Causa alarma que se asegure que hoy Colombia es el productor del 70% de la cocaína que se comercializa en el mundo, peor si del 2016 al 2017 se tuvo un incremento mundial del 25% en la producción, hasta llegar a las 1.976 toneladas. Es un dato vergonzoso que acrecienta el estigma del país como epicentro del narcotráfico, del cual no hemos podido desprendernos pese a los grandes sacrificios hechos por décadas en la estrategia de persecución de los carteles de la droga y toda clase de políticas represivas en contra de ese negocio ilícito. El Informe Mundial sobre Drogas 2019 de las Naciones Unidas revela ese dato preocupante, que corresponde al cierre del 2017, cuando el área sembrada de coca en Colombia tuvo un incremento del 17% con respecto al 2016, llegando a las 171 mil hectáreas.
Desde luego que esto evidencia que en Colombia retrocedemos en lugar de avanzar en esta materia, pero la realidad es que las fallas no son atribuibles solo a nuestro país, sino que estamos ante un fenómeno global que no logra acertar en las mejores estrategias para vencer el problema de la producción, comercialización y consumo de las drogas, y donde se les da la espalda a experiencias exitosas para atacar toda la estructura del negocio desde una perspectiva de regulación y atención eficiente a los problemas de salud pública, como son los casos de Portugal, Uruguay e Islandia, por ejemplo. No se ha entendido que si se quiere atacar la oferta hay que comenzar por evitar la demanda, pero no solo con medidas policivas.

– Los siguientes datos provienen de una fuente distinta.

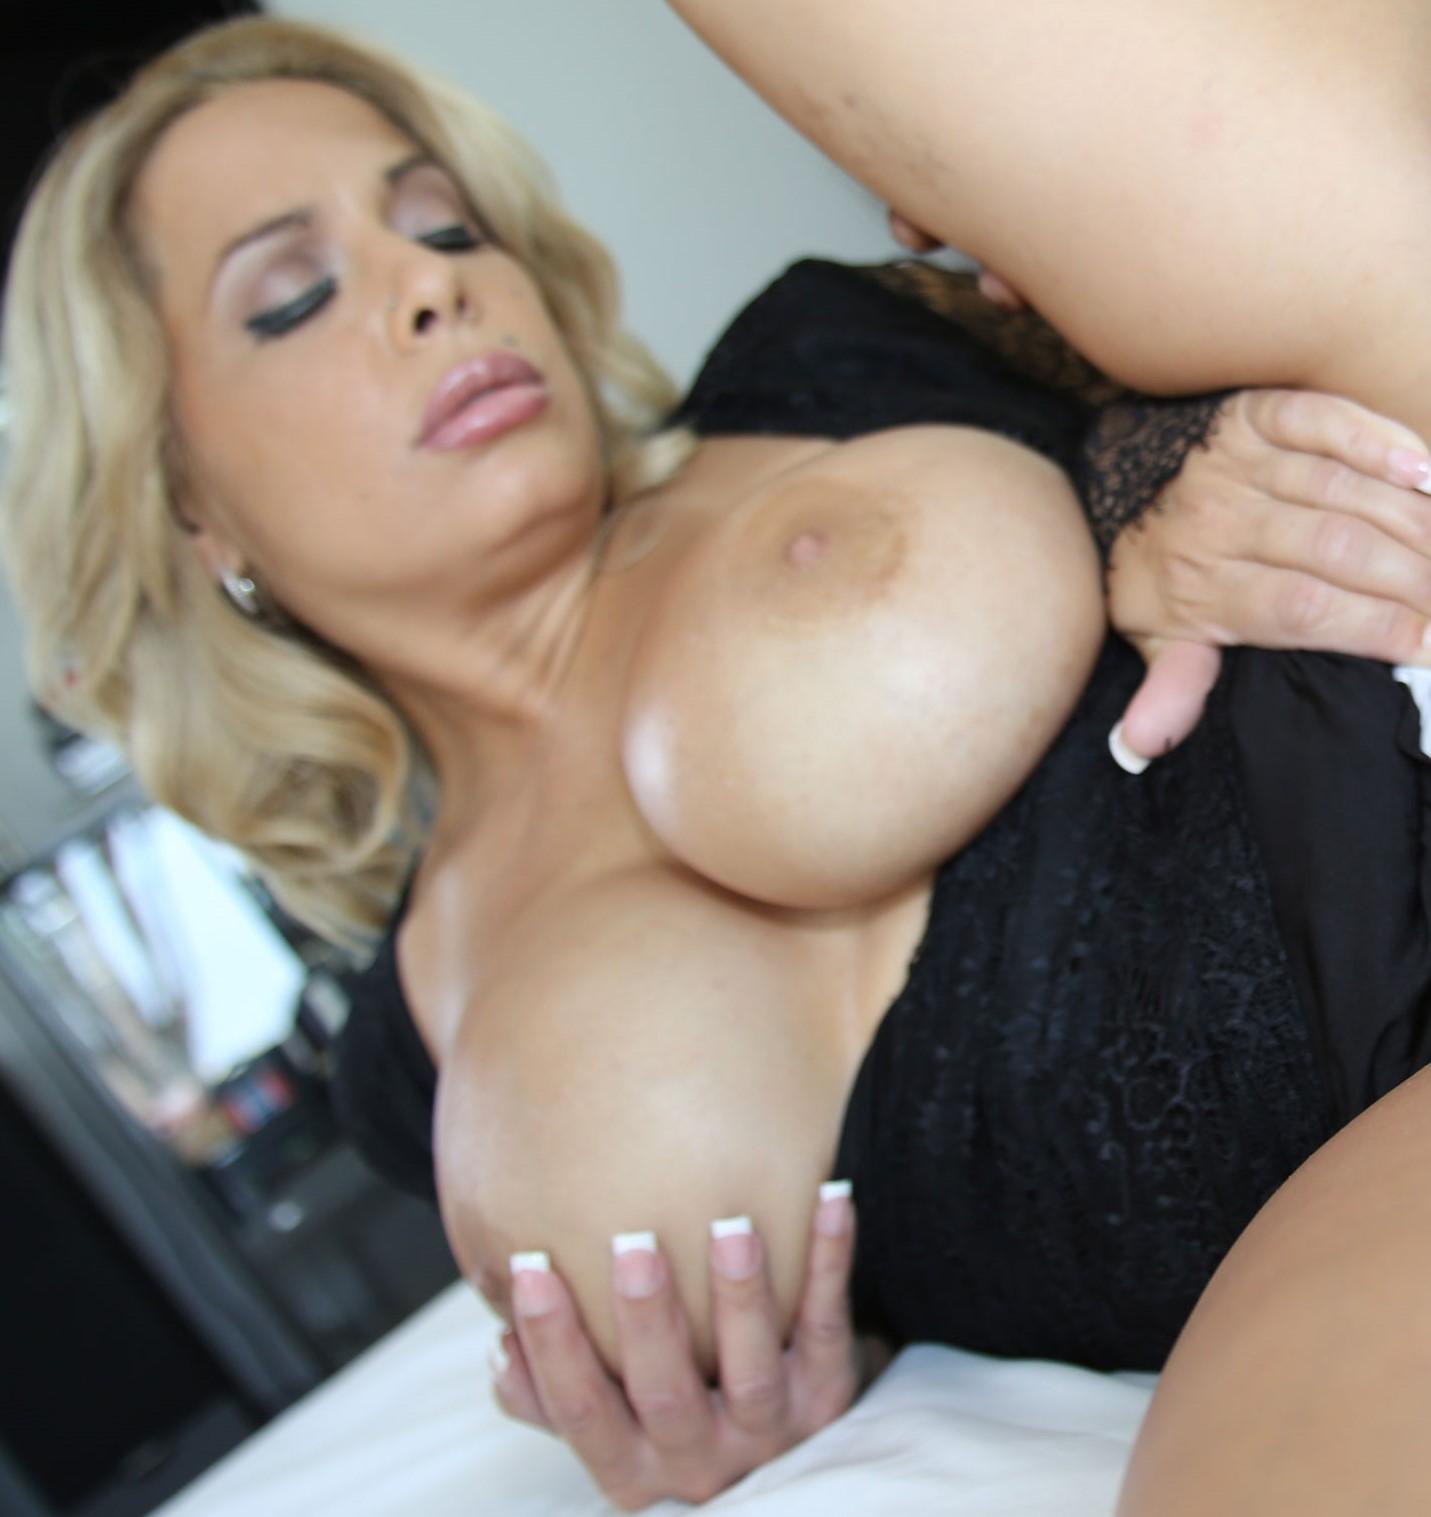 polla negra video porno fernanda lima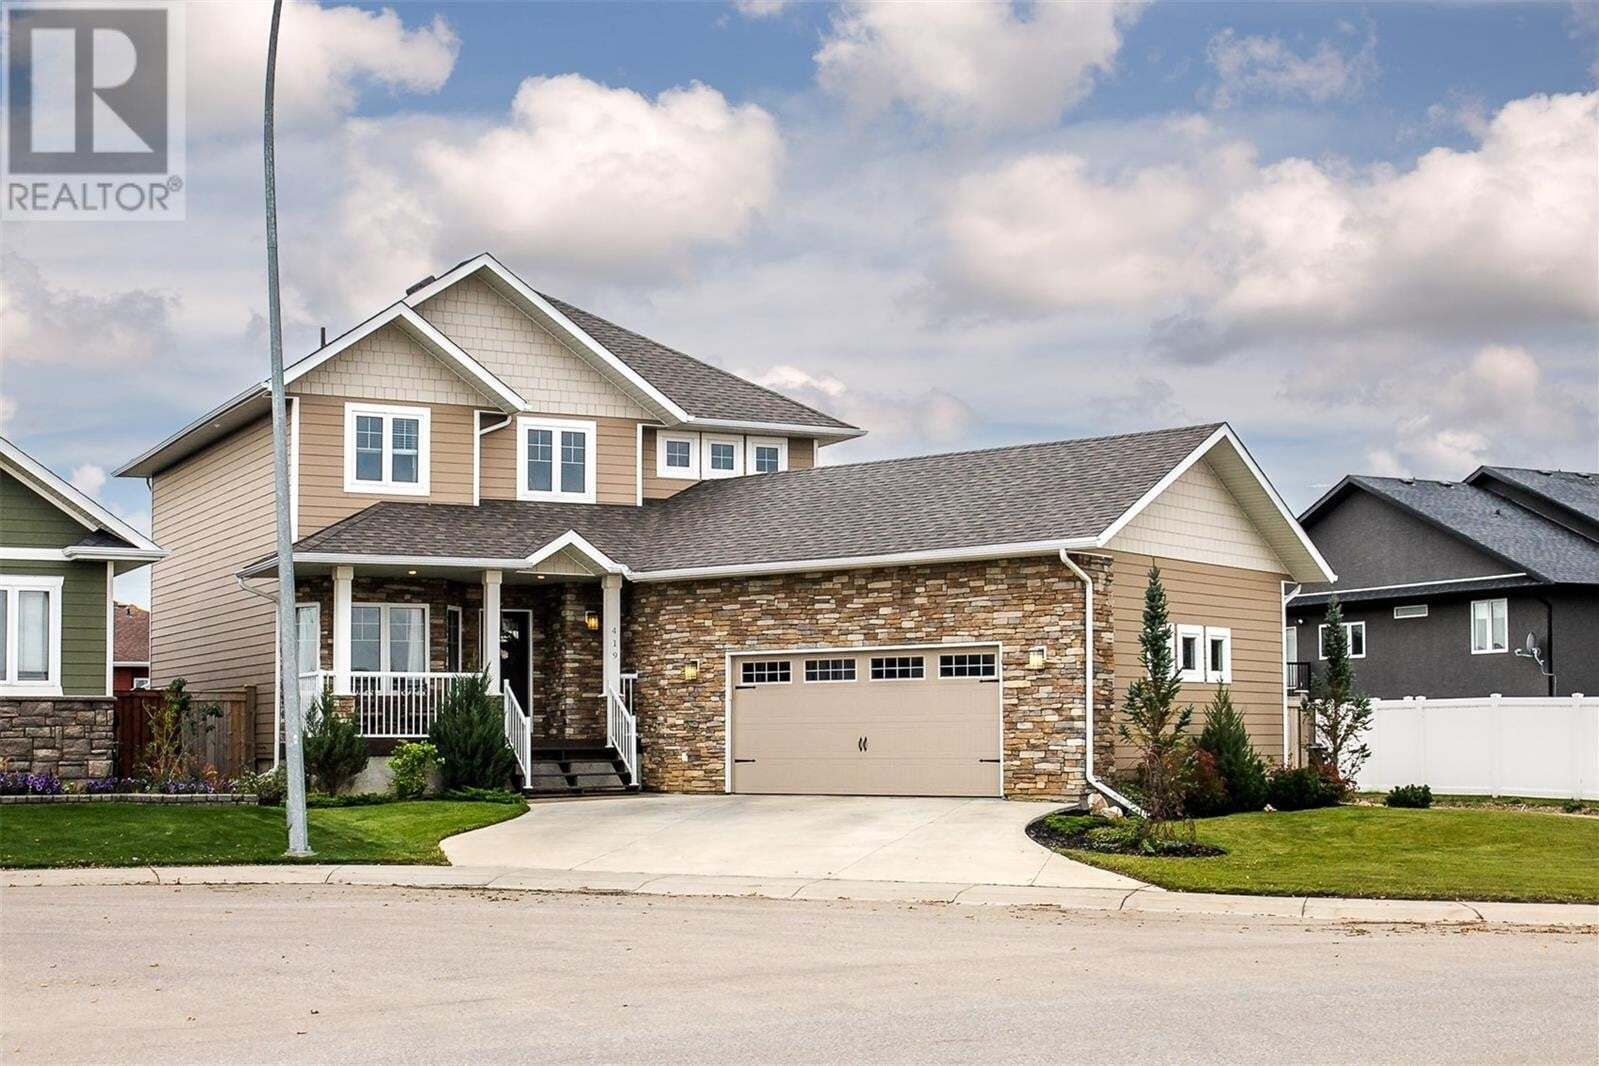 House for sale at 419 Clubhouse Blvd Warman Saskatchewan - MLS: SK810159

Ahora bien, en el informe sobre drogas de la Oficina Nacional para las Políticas sobre el Control de Drogas de los Estados Unidos, conocido también esta semana, se afirma que en el 2018 se observó un estancamiento en los cultivos ilícitos en nuestro país, lo que evidencia que se avanza por el camino correcto para derrotar el narcotráfico. Es la primera vez, desde el 2012, que no se observa crecimiento en el área sembrada, pero tampoco disminución, por lo que el desafío es que en los próximos informes haya una reducción considerable que le muestre al mundo la efectividad de nuestras políticas de erradicación de cultivos ilícitos.
Para acelerar el paso en la búsqueda de ese objetivo hay dos caminos. Uno, insistir en las aspersiones aéreas de glifosato para atacar los cultivos, aunque con las negativas consecuencias que se tendrían para la salud de los campesinos que habitan en esas zonas, así como para la fauna y demás flora que crece en esos lugares. Además, no puede perderse de vista que la Corte Constitucional ya se pronunció al respecto de los riesgos, y condicionó esta estrategia a la certeza de que no se tendrán efectos colaterales que perjudiquen a las comunidades en su salubridad.
El otro camino que, en nuestro criterio es el acertado, y a la luz de los buenos resultados del último año debería ser fortalecido en lugar de ser debilitado, es el programa de sustitución de cultivos, en el que las familias que actualmente siembran coca sean estimuladas a cambiar por otras clases de productos que les permitan una digna sobrevivencia. En los programas de erradicación voluntaria hay una importante fortaleza, que debe ser mejor aprovechada, además porque la lucha contra las expresiones de violencia en las zonas de cultivos ilícitos se ataca mejor si el Estado tiene de su lado a la comunidad. Simultáneamente a una sólida política de sustitución, la búsqueda de laboratorios para destruirlos, hará que no sigamos ejerciendo ese triste liderazgo de mayores productores de cocaína en el mundo.